OnCoord now exposes the fabric of places — not just coordinates, but the concentration of businesses, services, and amenities that surround them. With the POI Density API, developers can query how many points of interest exist within 1 km and 2 km of any location, broken down by category, along with a single urbanity index that summarises commercial intensity in one number.
Know What Surrounds a Location
A coordinate tells you where something is. POI density tells you what kind of place it is. The difference between a quiet residential street and a commercial high street may be invisible in raw coordinate data, but it becomes immediately legible when you know there are 2,147 points of interest within one kilometre — 606 retail, 325 food, 194 nightlife. That level of context shapes decisions in retail site selection, logistics coverage planning, telecom demand forecasting, and real estate analysis.
Rich Context, One Call
Each response covers two concentric rings — 1 km and 2 km — and breaks counts down across fourteen broad categories as well as three specialized emergency and civic services that are always reported, even when absent:
{
"poi": {
"within_1km": {
"total": 2147,
"retail": 606,
"food": 325,
"transport": 551,
"health": 46,
"education": 145,
"religion": 17,
"entertainment": 47,
"government": 13,
"accommodation": 70,
"nightlife": 194,
"recreation": 58,
"professional": 115,
"finance": 25,
"amenity:hospital": 2,
"amenity:fire_station": 0,
"amenity:police": 5
},
"within_2km": {
"total": 7557,
...
},
"urbanity_index": 1
}
}
within_1km / within_2km — counts of all venues within
the respective radius, broken down by category. The 1 km ring is
suited to hyperlocal analysis; the 2 km ring provides a broader
neighbourhood picture.
Broad categories — retail, food, transport, health,
education, religion, entertainment, government, accommodation, nightlife,
recreation, professional, and finance.
Specialized categories — amenity:hospital,
amenity:fire_station, and amenity:police are
always returned, with a count of zero when none are present.
urbanity_index — a 0–1 score derived from the 1 km
counts. High-signal categories such as restaurants, cafés, banks,
pharmacies, supermarkets, and fast-food outlets carry extra weight.
The score compresses non-linearly so meaningful differences in
mid-density areas are preserved without saturating at the top end.

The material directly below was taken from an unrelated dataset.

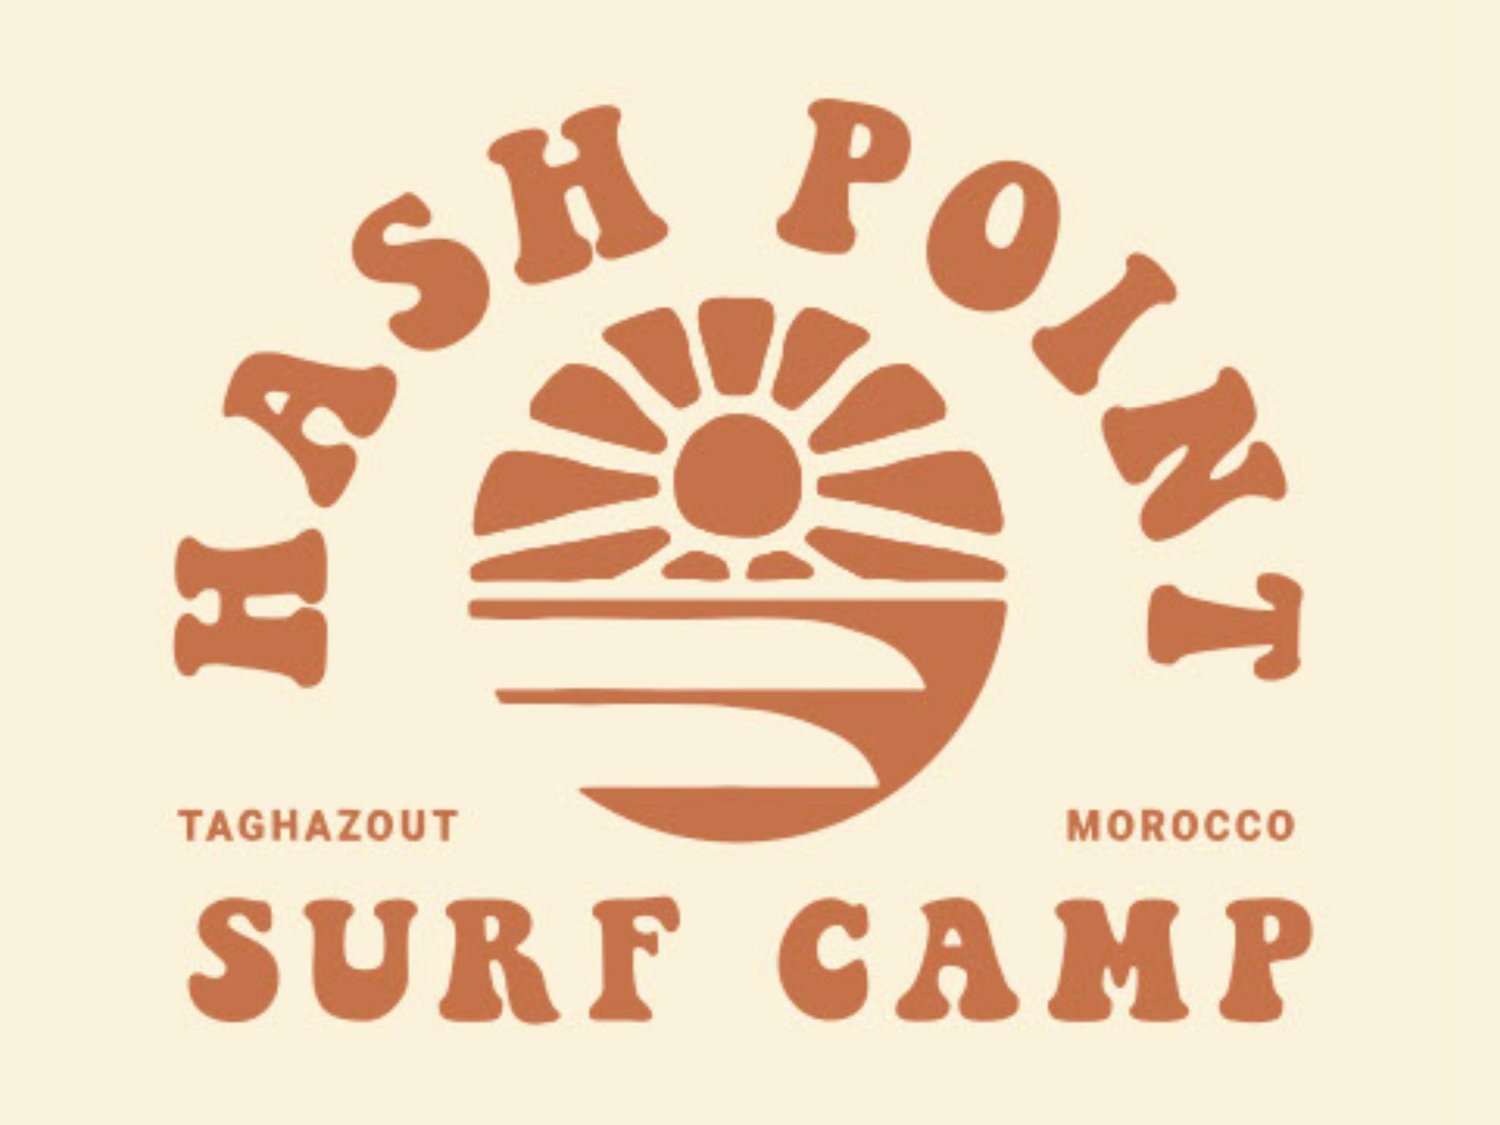 Hashpoint Surf Camp, hotel & surf school Taghazout Morocco

A score of 1 indicates a dense urban core; scores below 0.1 typically
indicate rural or peri-urban locations.
POI Density is available across OnCoord's full coverage area: Mexico, Central America, and South America. See our Countries page for a full list of supported countries.
POI density joins population, terrain, activity, and geocoding to complete OnCoord's picture of any location. Together they answer the questions that matter in practice: where is it, what's the land like, how many people are nearby, how economically active is it — and now, what activity surrounds it.